Please write out exactly the lines from the one with "Bochum_RUB_Auslaenderzeitung_19750500_005" through the end of the data below, both ends included, and omit any pictures.

* [Dataset excerpt]:
*-*-*

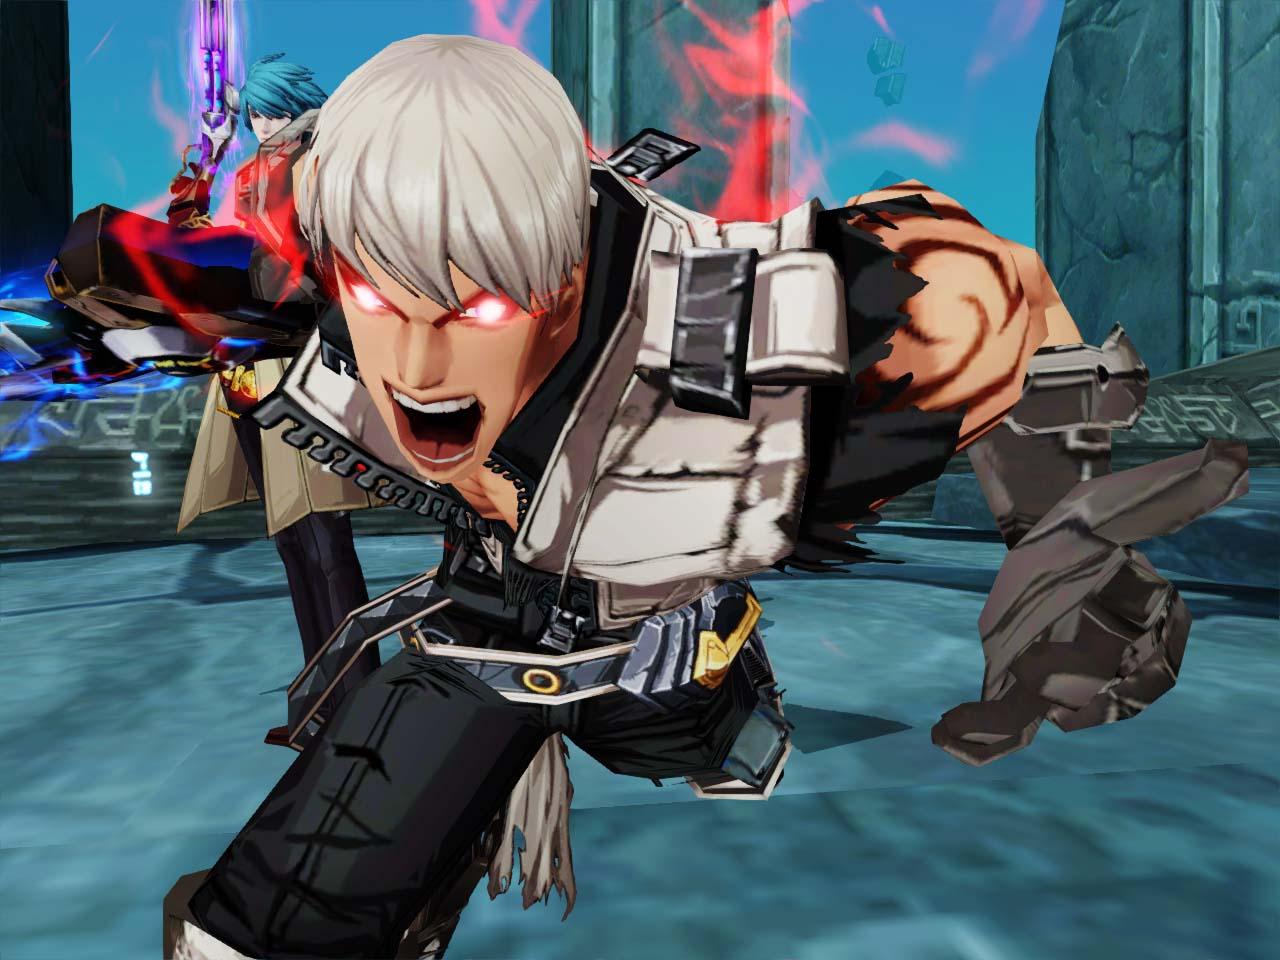 超アクションオンラインゲーム『クリティカ』
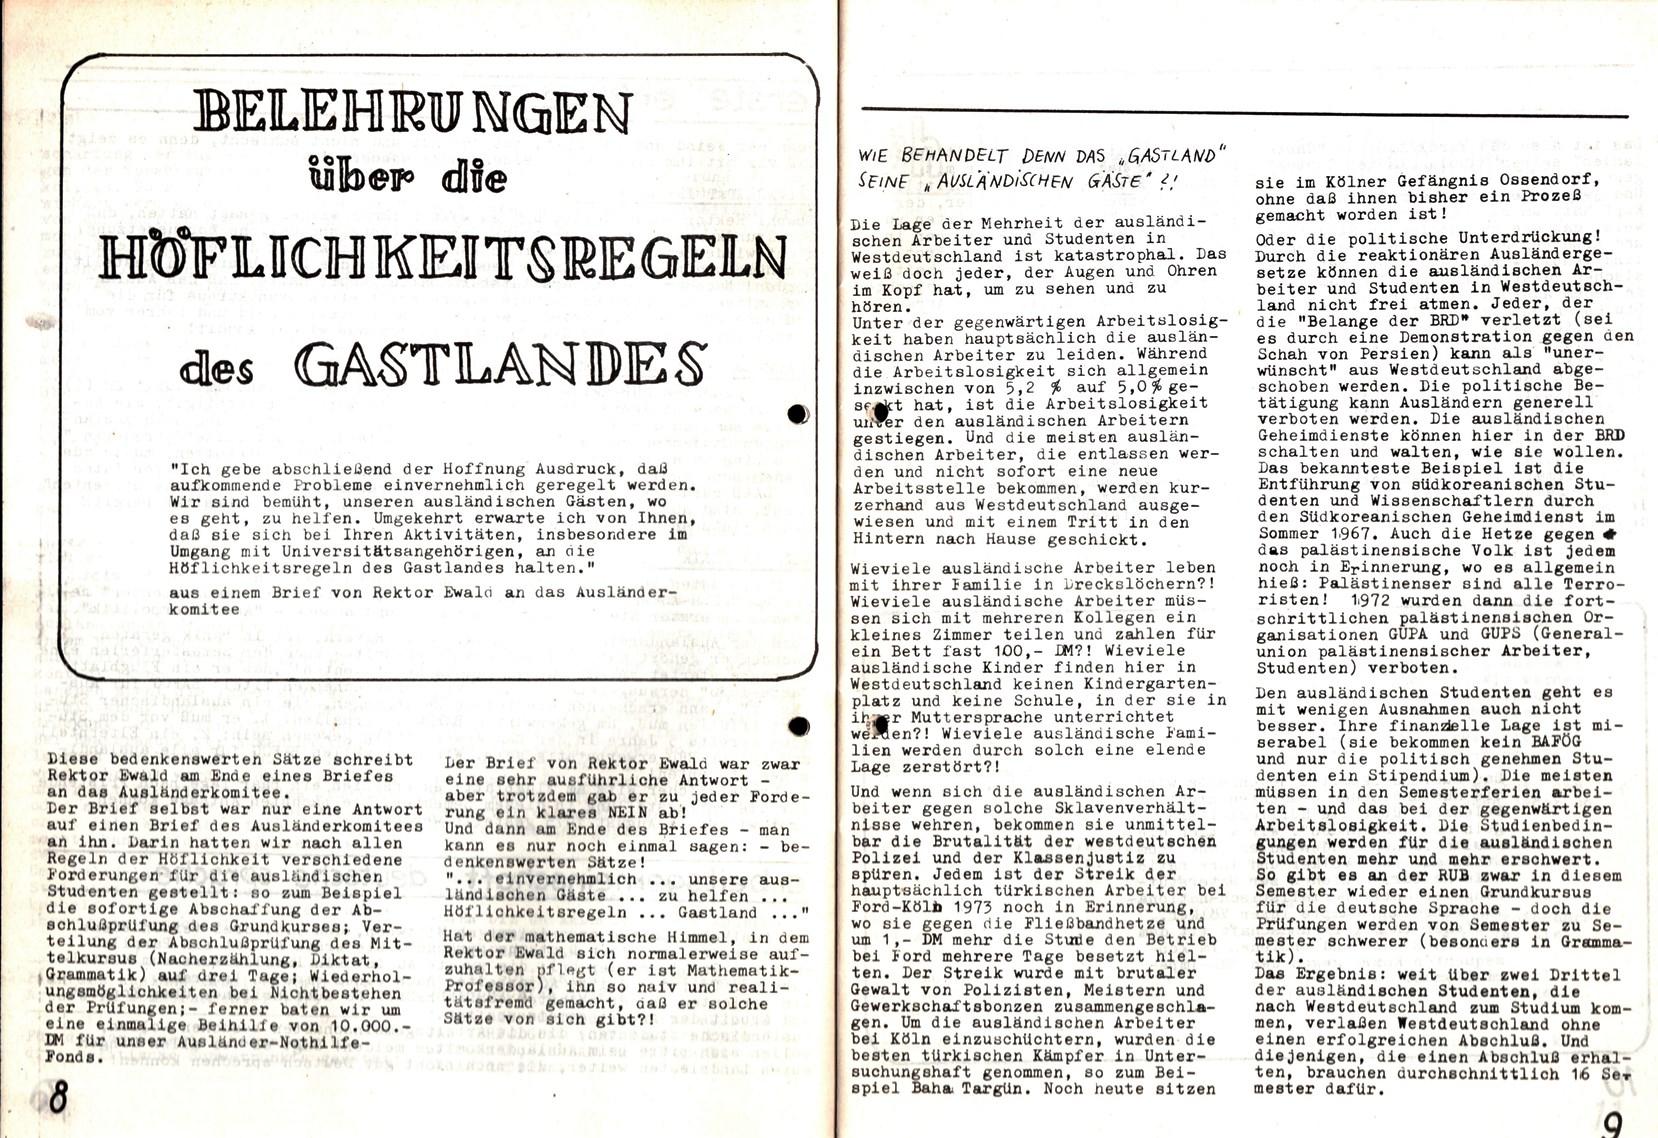 Bochum_RUB_Auslaenderzeitung_19750500_005
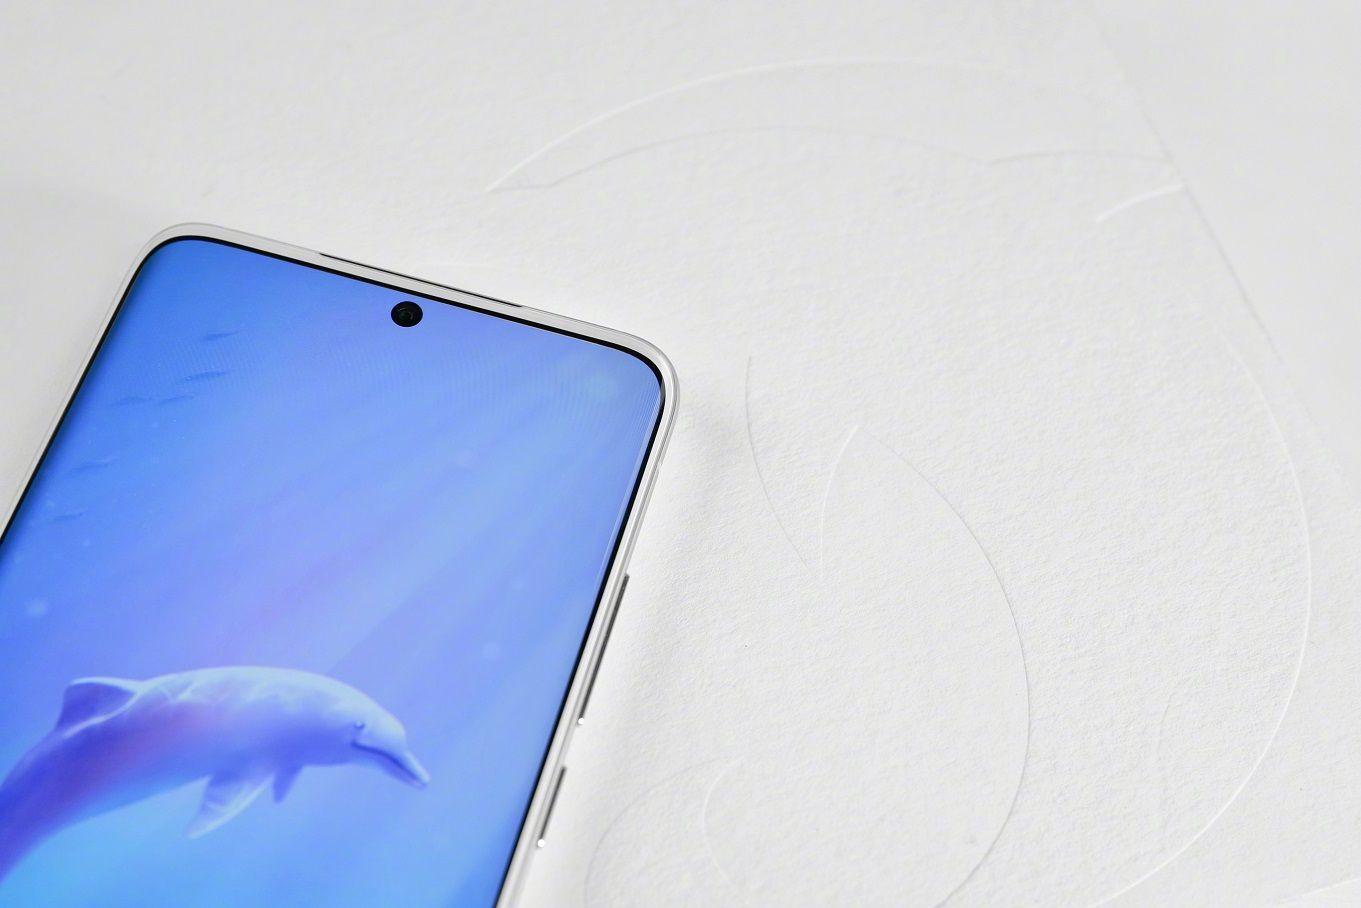 Meizu 18 中華白海豚珍稀版を誤って破損させた場合、白ベゼルから黒ベゼルへ交換

*-*-*

* [Answer box]:
 Bochum_RUB_Auslaenderzeitung_19750500_005
 Meizu 18 中華白海豚珍稀版を誤って破損させた場合、白ベゼルから黒ベゼルへ交換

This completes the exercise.